On 1/5/2026 12:21 PM, Dongli Zhang wrote:
> Hi Zide,
> 
> On 1/2/26 2:59 PM, Chen, Zide wrote:
>>
>>
>> On 12/29/2025 11:42 PM, Dongli Zhang wrote:
> 
> [snip]
> 
>>>  
>>>  static struct kvm_cpuid2 *cpuid_cache;
>>>  static struct kvm_cpuid2 *hv_cpuid_cache;
>>> @@ -2068,23 +2072,30 @@ int kvm_arch_pre_create_vcpu(CPUState *cpu, Error 
>>> **errp)
>>>      if (first) {
>>>          first = false;
>>>  
>>> -        /*
>>> -         * Since Linux v5.18, KVM provides a VM-level capability to easily
>>> -         * disable PMUs; however, QEMU has been providing PMU property per
>>> -         * CPU since v1.6. In order to accommodate both, have to configure
>>> -         * the VM-level capability here.
>>> -         *
>>> -         * KVM_PMU_CAP_DISABLE doesn't change the PMU
>>> -         * behavior on Intel platform because current "pmu" property works
>>> -         * as expected.
>>> -         */
>>> -        if ((pmu_cap & KVM_PMU_CAP_DISABLE) && !X86_CPU(cpu)->enable_pmu) {
>>> -            ret = kvm_vm_enable_cap(kvm_state, KVM_CAP_PMU_CAPABILITY, 0,
>>> -                                    KVM_PMU_CAP_DISABLE);
>>> -            if (ret < 0) {
>>> -                error_setg_errno(errp, -ret,
>>> -                                 "Failed to set KVM_PMU_CAP_DISABLE");
>>> -                return ret;
>>> +        if (X86_CPU(cpu)->enable_pmu) {
>>> +            if (kvm_pmu_disabled) {
>>> +                warn_report("Failed to enable PMU since "
>>> +                            "KVM's enable_pmu parameter is disabled");
>>
>> I'm wondering about the intended value of this patch?
>>
>> If enable_pmu is true in QEMU but the corresponding KVM parameter is
>> false, then KVM_GET_SUPPORTED_CPUID or KVM_GET_MSRS should be able to
>> tell that the PMU feature is not supported by host.
>>
>> The logic implemented in this patch seems somewhat redundant.
> 
> For Intel, the QEMU userspace can determine if the vPMU is disabled by KVM
> through the use of KVM_GET_SUPPORTED_CPUID.
> 
> However, this approach does not apply to AMD. Unlike Intel, AMD does not rely 
> on
> CPUID to detect whether PMU is supported.
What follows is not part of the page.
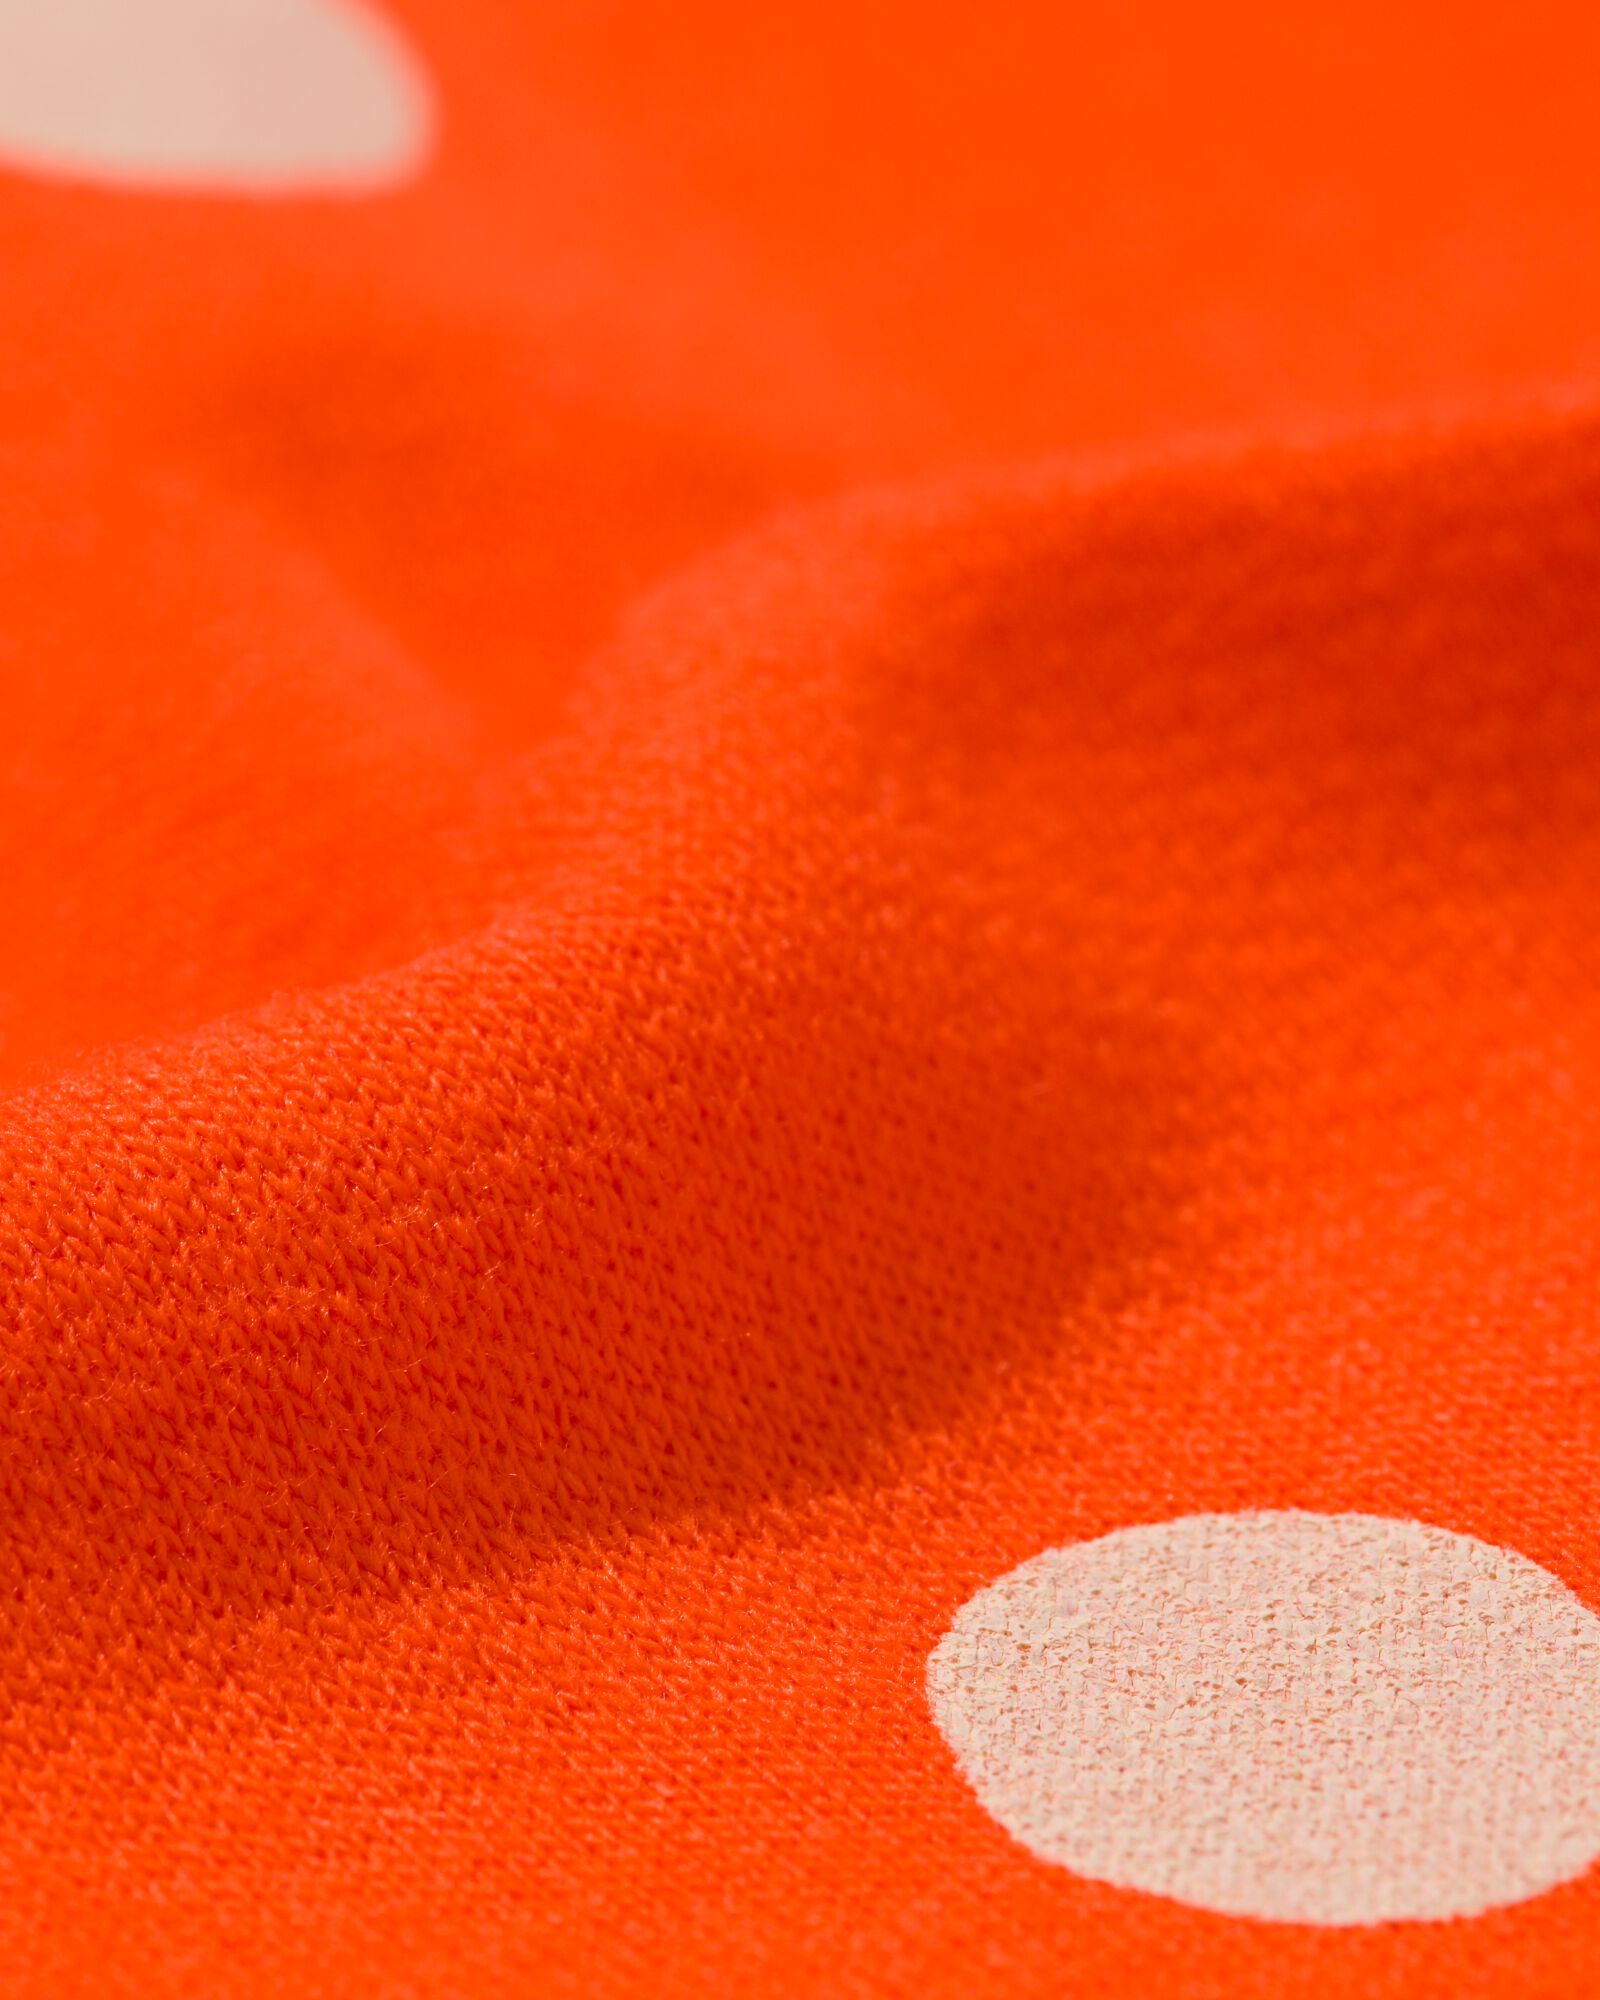 baby sweater stippen oranje 62 - 33002451 - HEMA
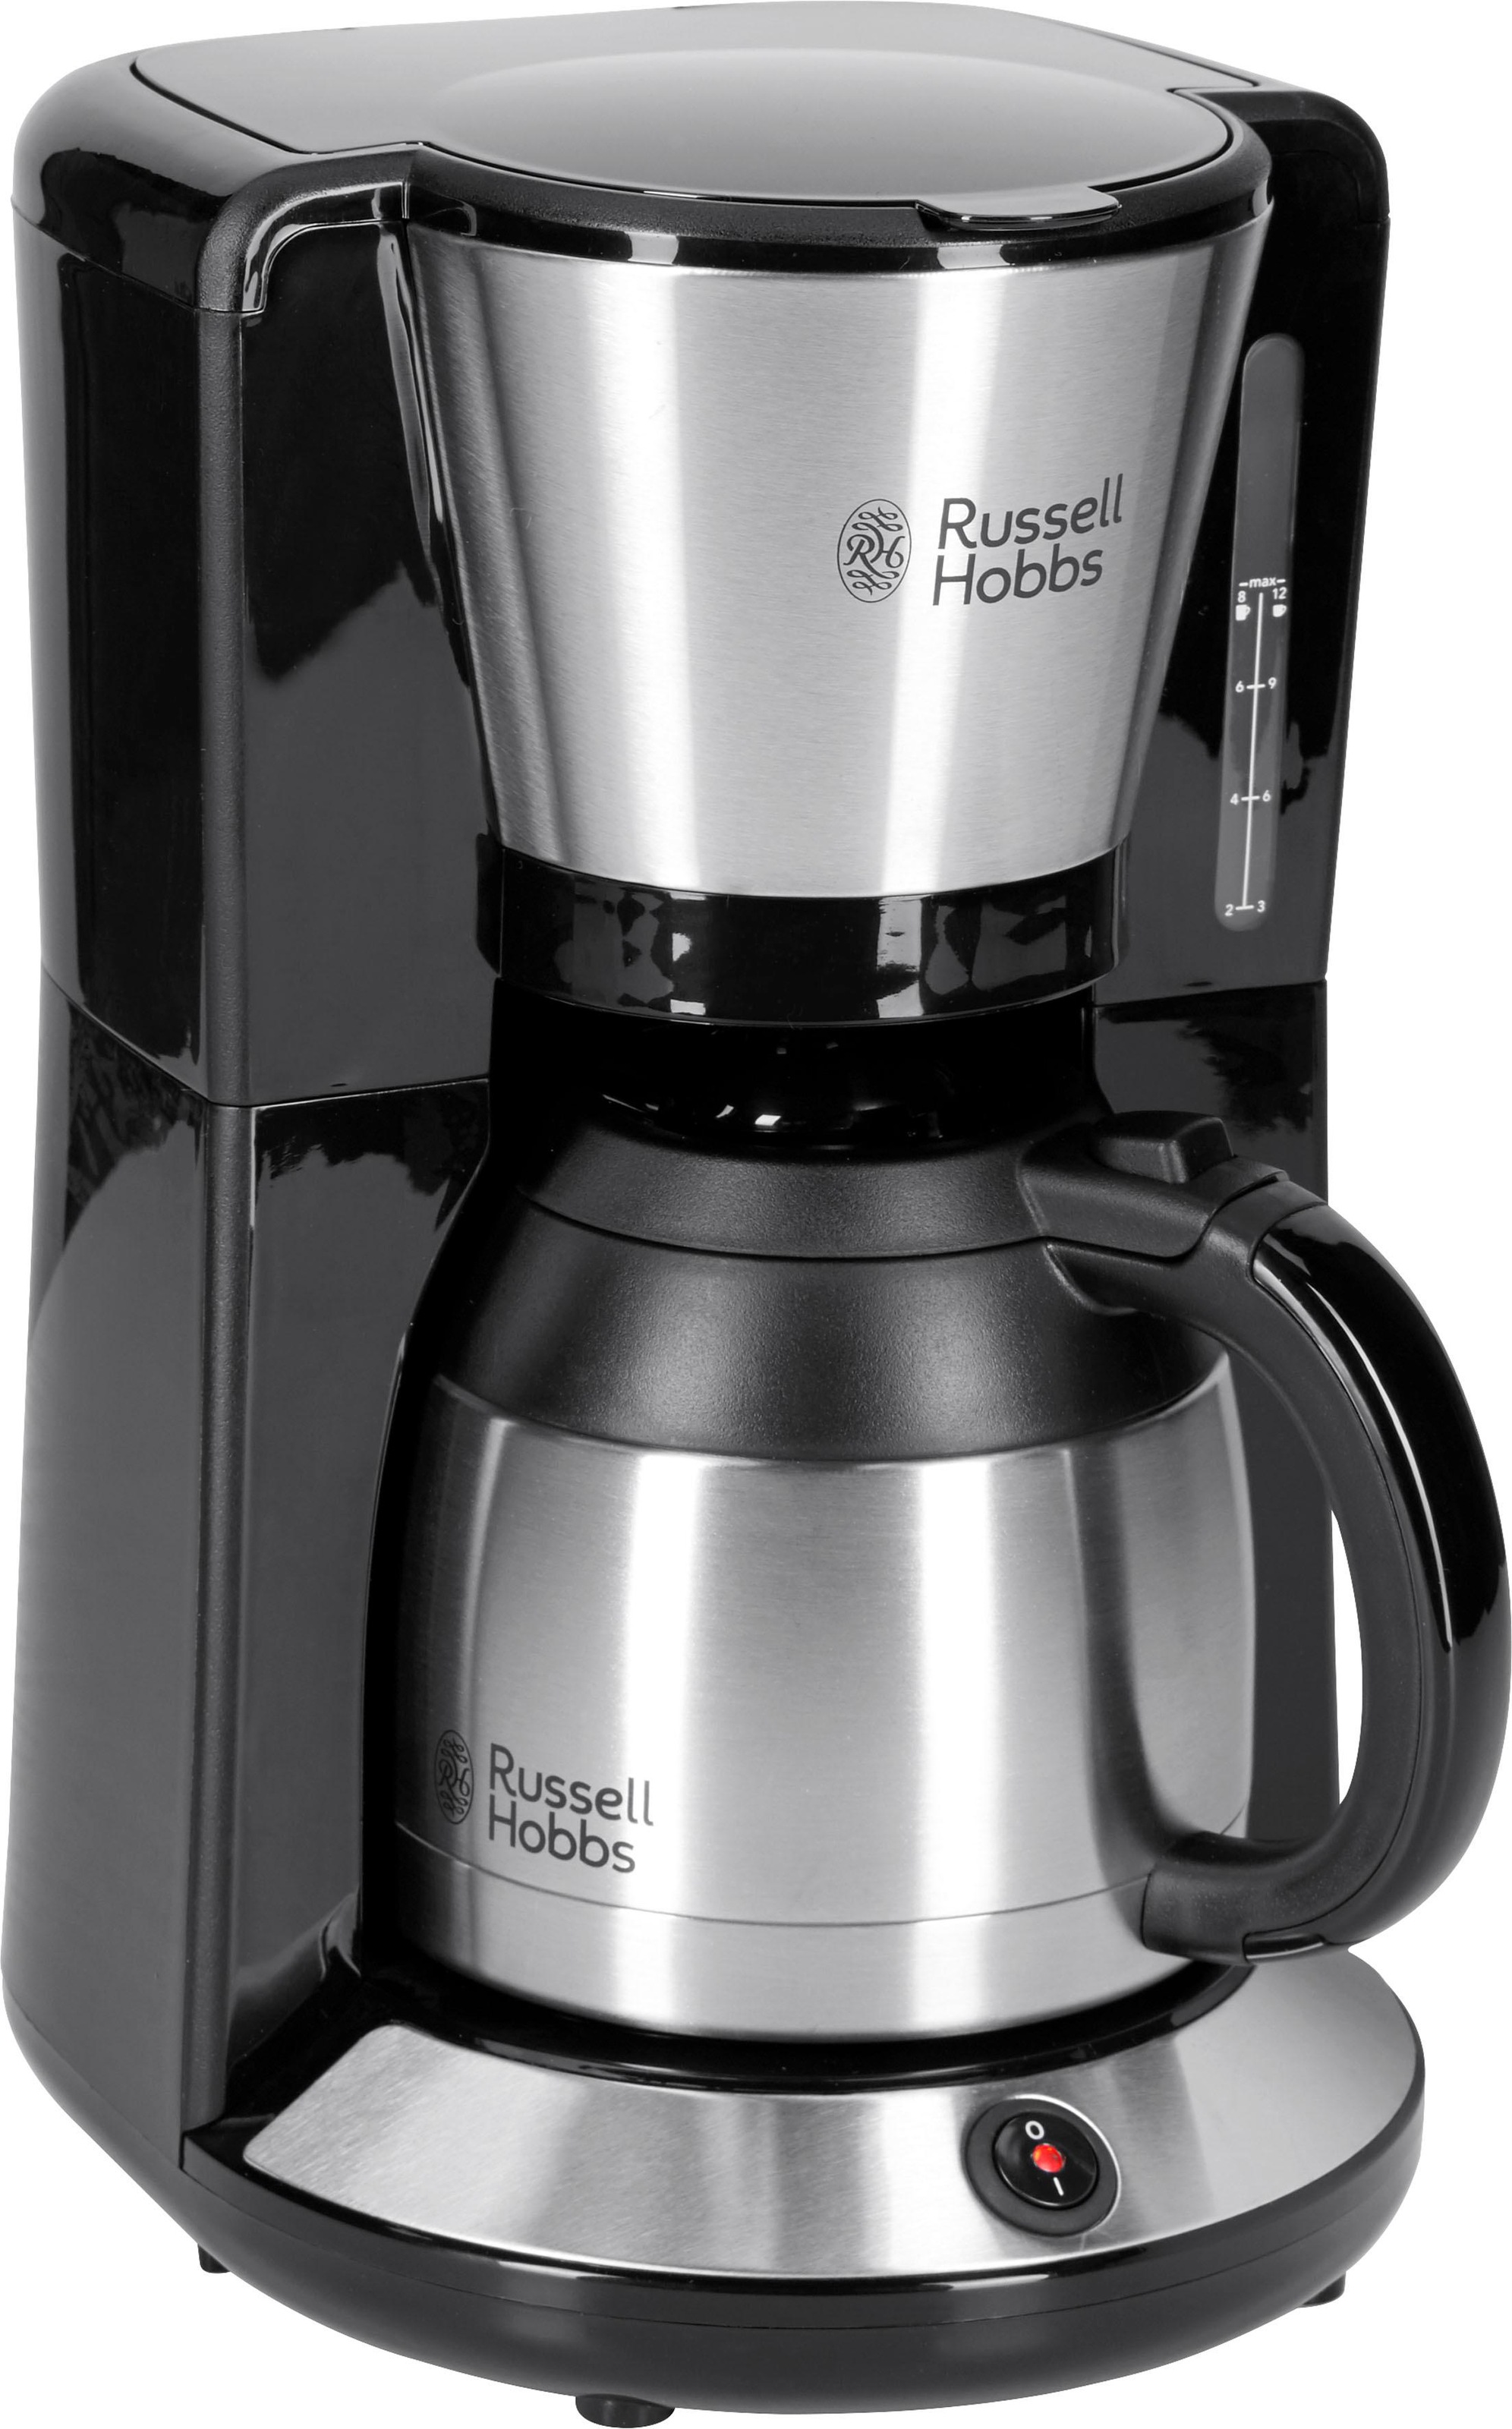 RUSSELL HOBBS Filterkaffeemaschine "Adventure 24020-56", 1 l Kaffeekanne, Papierfilter, 1x4, mit Thermokanne, 1100 Watt,

By default, we can assume that PMU 
> is
> always available, except for the recent PerfMonV2 feature.
> 
> The main objective of this PATCH 4/7 is to introduce the variable
> 'kvm_pmu_disabled', which will be reused in PATCH 5/7 to skip any PMU
> initialization if the parameter is set to 'N'.
> 
> +static void kvm_init_pmu_info(struct kvm_cpuid2 *cpuid, X86CPU *cpu)
> +{
> +    CPUX86State *env = &cpu->env;
> +
> +    /*
> +     * The PMU virtualization is disabled by kvm.enable_pmu=N.
> +     */
> +    if (kvm_pmu_disabled) {
> +        return;
> +    }

Thanks for explanation.

> The 'kvm_pmu_disabled' variable is used to differentiate between the following
> two scenarios on AMD:
> 
> (1) A newer KVM with KVM_PMU_CAP_DISABLE support, but explicitly disabled via
> the KVM parameter ('N').
> 
> (2) An older KVM without KVM_CAP_PMU_CAPABILITY support.
> 
> In both cases, the call to KVM_CAP_PMU_CAPABILITY extension support check may
> return 0.
> 
> By reading the file "/sys/module/kvm/parameters/enable_pmu", we can 
> distinguish
> between these two scenarios.

As described in PATCH 1/7, without issuing KVM_PMU_CAP_DISABLE, KVM has
no way to know that userspace does not intend to enable vPMU in AMD
platforms, and therefore does not fault guest accesses to PMU MSRs.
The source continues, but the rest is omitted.